Come abbiamo progettato gli archetipi comportamentali?

La creazione di archetipi comportamentali richiede una profonda comprensione qualitativa del pre, durante e dopo il viaggio del cliente con un marchio da un campione rappresentativo di clienti esistenti. È abbastanza uno sforzo di ricerca.

Di recente abbiamo creato archetipi comportamentali per una delle strategie di centralità del cliente dei nostri clienti. Per ottenere i dati rilevanti, abbiamo prima progettato un sondaggio generale sulla soddisfazione dei clienti che abbiamo posizionato sulla pagina di pagamento del sito Web dei nostri clienti e generato oltre 2000 risposte. Abbiamo sfruttato questa opportunità non solo per comprendere meglio i clienti, ma anche per creare un pool di partecipanti per ulteriori attività di ricerca.

È importante identificare i modelli di comportamento dei clienti ma anche vedere come si evolvono nel corso di ogni singolo viaggio. A tale scopo, abbiamo progettato uno studio del diario per tracciare le esperienze dei clienti nel tempo e dopo l'acquisto. Ciò è stato utile per determinare le azioni dei clienti in ogni fase del viaggio. Tuttavia, le motivazioni più profonde che guidano il loro processo decisionale sono meglio identificate con un colloquio di follow-up. Dopo aver avuto le conoscenze dallo studio del diario su ciò che è accaduto, abbiamo potuto basarci su un'intervista telefonica per chiarire perché si sono comportati come hanno fatto e per saperne di più sulla loro personalità. Questo ci aiuta a definire motivazioni, esigenze e frustrazioni specifiche per ciascun archetipo di mentalità e gli stati tipici che è probabile che adottino dopo l'interazione con il marchio.

La cosa grandiosa di questo approccio graduale è che come ricercatori siamo in grado di sviluppare rapporti e relazioni con i partecipanti.
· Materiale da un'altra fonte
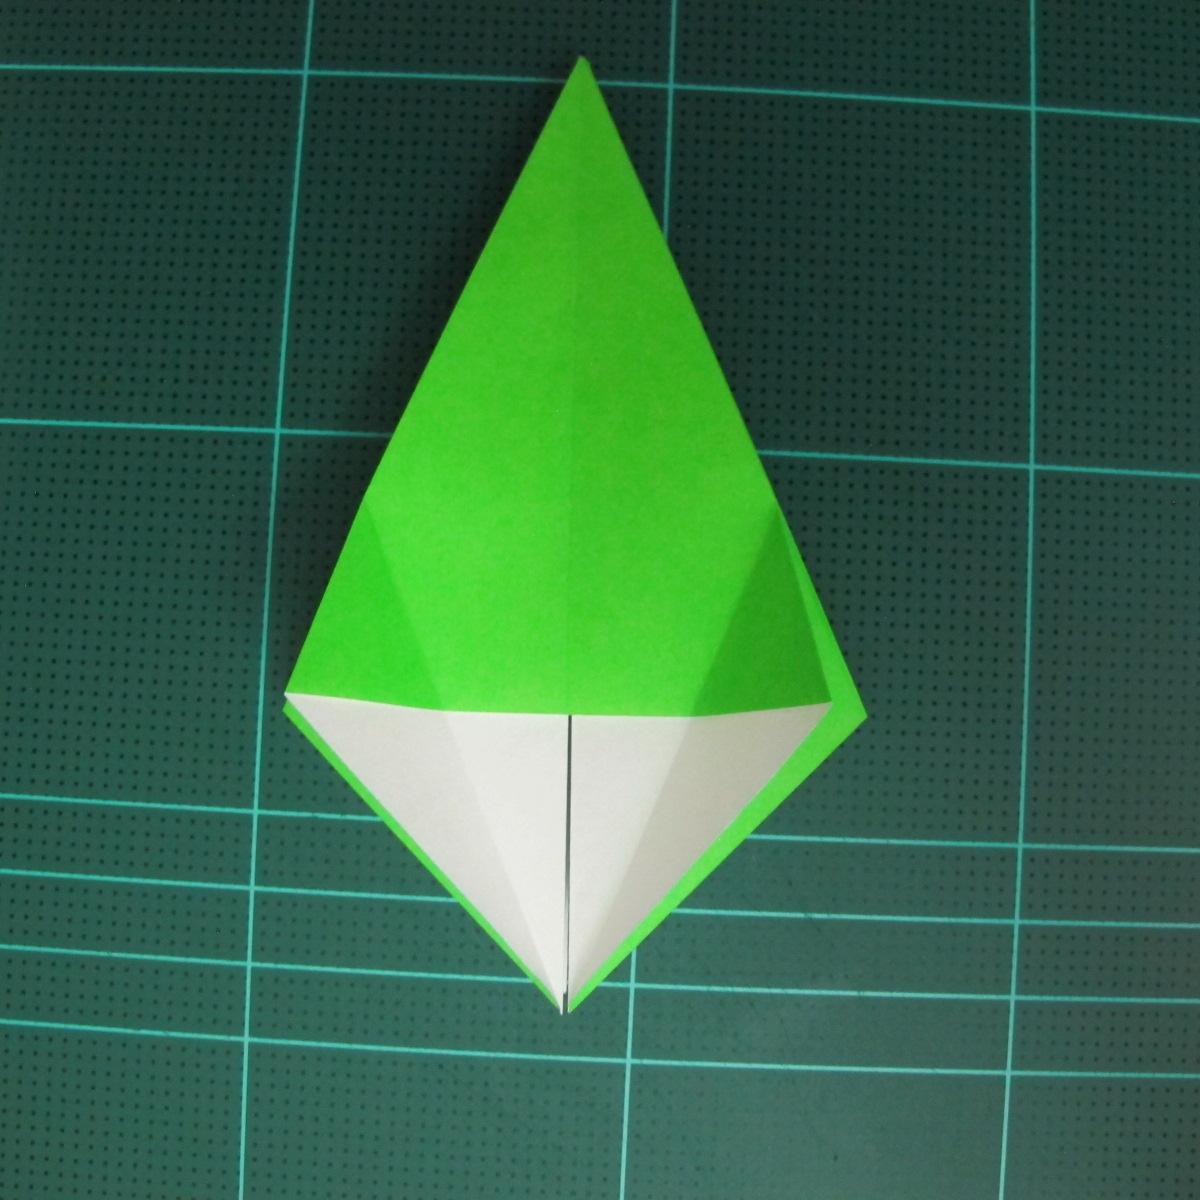 วิธีพับกระดาษเป็นจรวด X-WING สตาร์วอร์ (Origami X-WING) 015

Mentre attraversano le attività di ricerca nel tempo, sono in grado di riflettere e darci risposte più approfondite sulle loro motivazioni e storia di vita personale.

Per concludere, gli archetipi comportamentali sono uno strumento utile per aiutare a promuovere una strategia incentrata sul cliente all'interno di un'organizzazione incentrata sul prodotto, in quanto ricordano a tutti all'interno dell'azienda chi sono i loro clienti - fungendo da guida decisionale su ciò che i clienti sono probabili fanno, si sentono, si aspettano e come è probabile che rispondano.

Quindi, come determinare l'approccio "persona" giusto per un progetto?

A partire dal porre queste domande:

  • Qual è il tipo di progetto? Le persone verranno utilizzate internamente dal team di progettazione o esternamente dalle parti interessate del cliente?
  • Stiamo creando persone per rappresentare un pubblico target per un nuovo servizio? O stiamo modellando i comportamenti dei clienti esistenti all'interno di un servizio attuale?
  • Cosa dobbiamo sapere in modo specifico sui clienti per informare sui risultati del progetto? Con chi dobbiamo parlare, per ottenere le informazioni di cui abbiamo bisogno?
  • Quali sono i metodi più adatti per ottenere queste informazioni: interviste contro sondaggi, studi di diario e ricerche di guerriglia?

Queste sono guide che stiamo aggiornando continuamente con i nostri apprendimenti da ciascun progetto. La cosa principale da tenere a mente è che i personaggi o gli archetipi comportamentali sono uno strumento di orientamento decisionale e, come tali, devono essere adattati a ciascun progetto in questione. Continueremo ad aggiornare su nuovi approcci e condividendo il modo in cui mettiamo il cliente reale nella stanza con i decisori.